Beef Enchiladas
Savory beef and cheese enchiladas smothered in red chili sauce, baked to perfection.
20 mins
Prep Time
25 mins
Cook Time
4
Servings
Ingredients
- 1 lb ground beef
- 1 medium onion, diced
- 2 cloves garlic, minced
- 1 packet taco seasoning
- 1 can (10 oz) red enchilada sauce
- 8 corn tortillas
- 2 cups shredded cheddar cheese
- 1/4 cup chopped fresh cilantro
- 1/2 cup sour cream (optional)
- 1/4 cup diced tomatoes (optional)
- 1/4 cup sliced black olives (optional)
Nutrition Facts
Instructions
Preheat oven to 375°F (190°C). Lightly grease a 9x13 inch baking dish.
In a large skillet over medium heat, cook the ground beef until browned. Drain excess fat.
Add diced onion and minced garlic to the skillet. Cook until onion is translucent, about 3-4 minutes.
Stir in taco seasoning and 1/4 cup of water. Simmer for 5 minutes until mixture thickens. Remove from heat.
Warm tortillas in a dry skillet or microwave for 20 seconds to make them pliable.

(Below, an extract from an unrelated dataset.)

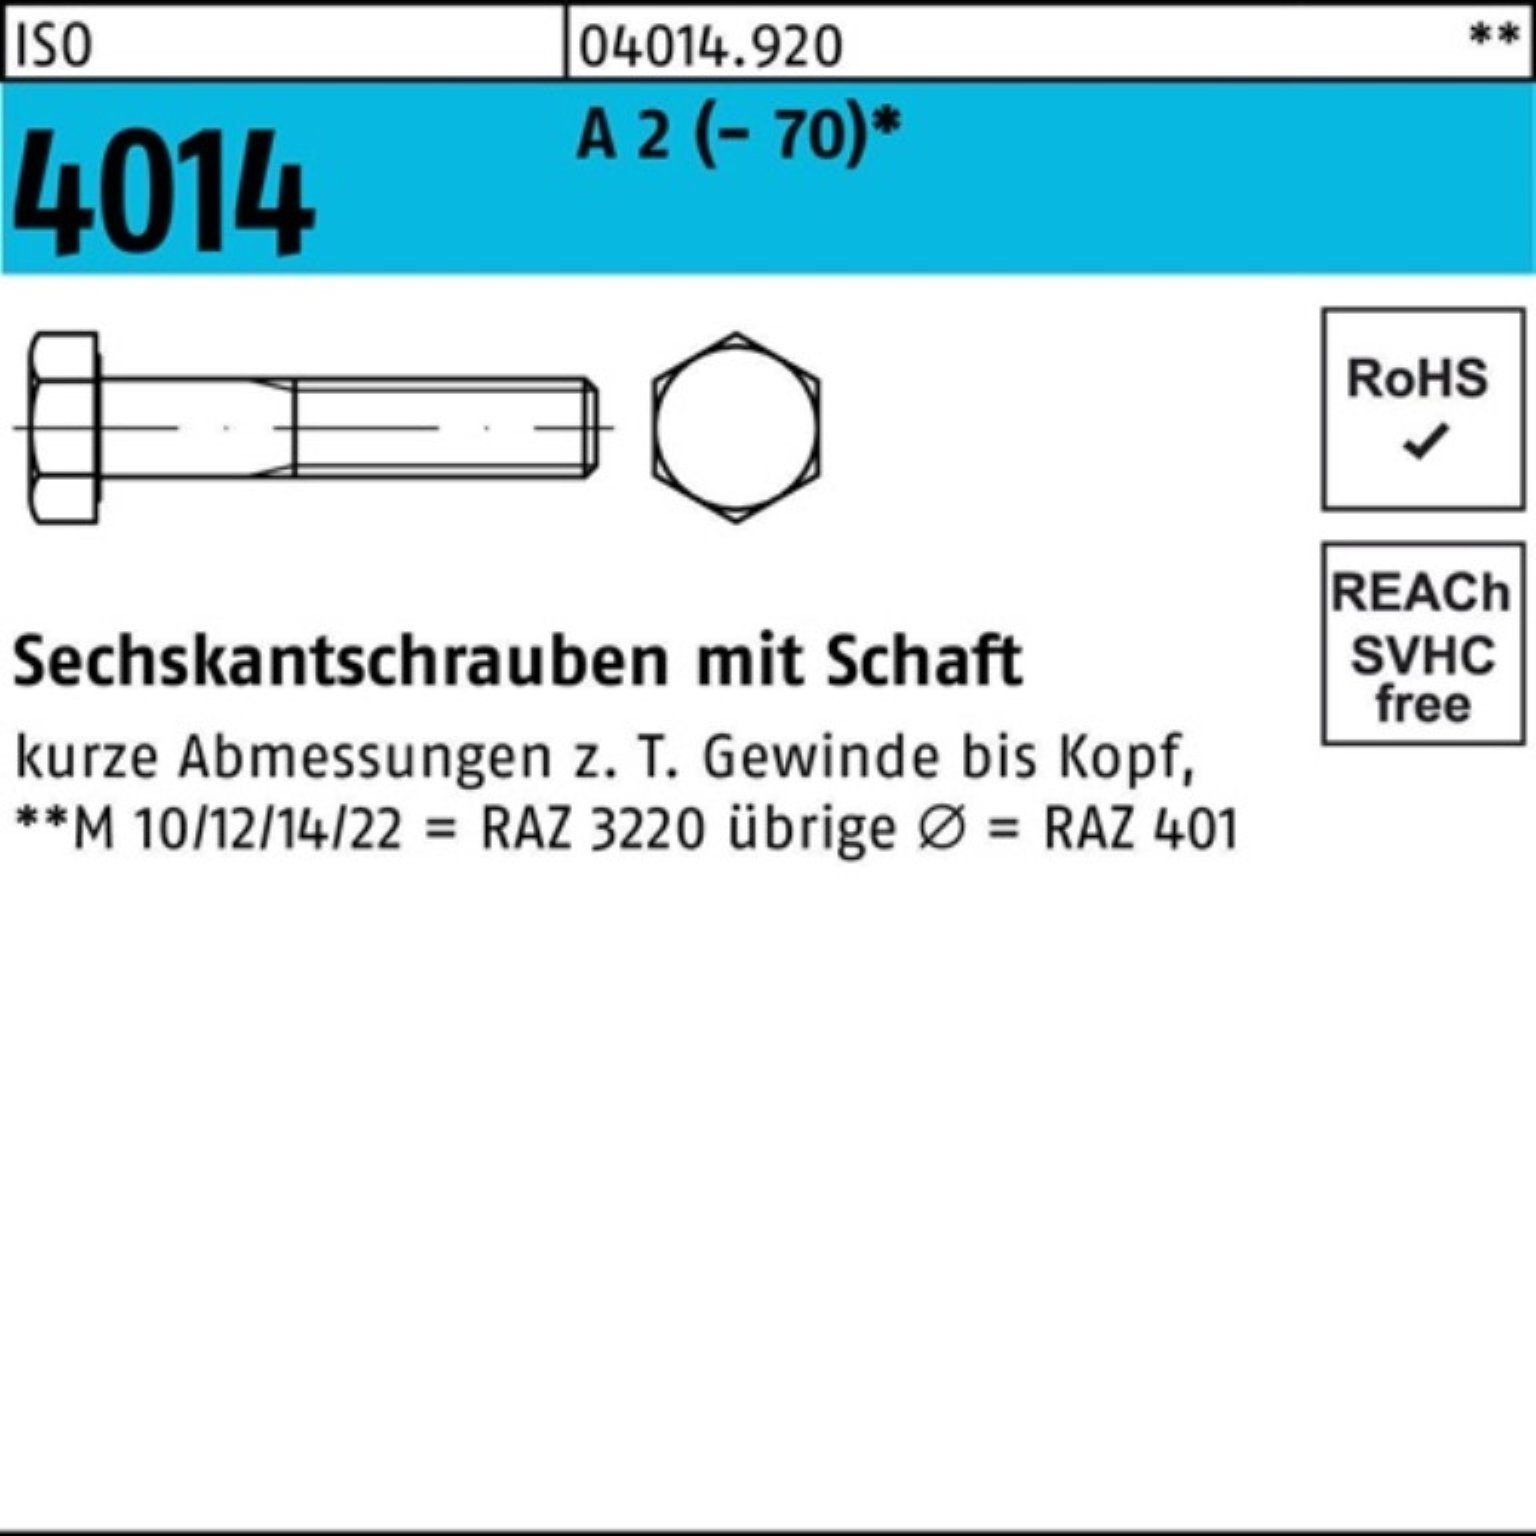 Bufab Sechskantschraube 100er Pack Sechskantschraube ISO 4014 Schaft M14x 170 A 2 (70) 1 St

Spread 1/4 cup of enchilada sauce in the bottom of the prepared baking dish.
Fill each tortilla with beef mixture and a sprinkle of cheese. Roll up and place seam-side down in the dish.
Pour remaining enchilada sauce over the top and sprinkle with remaining cheese.
Bake for 20-25 minutes until cheese is melted and bubbly.
Garnish with cilantro, sour cream, tomatoes, and olives if desired before serving.
Chef's Tips
- Tortilla Tip: Briefly fry corn tortillas in oil before filling to prevent them from cracking when rolling.
- Make Ahead: Assemble enchiladas up to a day in advance and refrigerate until ready to bake.
- Spice Level: Adjust heat by using mild, medium, or hot enchilada sauce.
- Cheese Options: Try a blend of Monterey Jack and cheddar for extra flavor.
- Vegetarian Version: Substitute beef with black beans or sautéed mushrooms.
- Freezing: Freeze baked enchiladas for up to 3 months. Thaw overnight before reheating.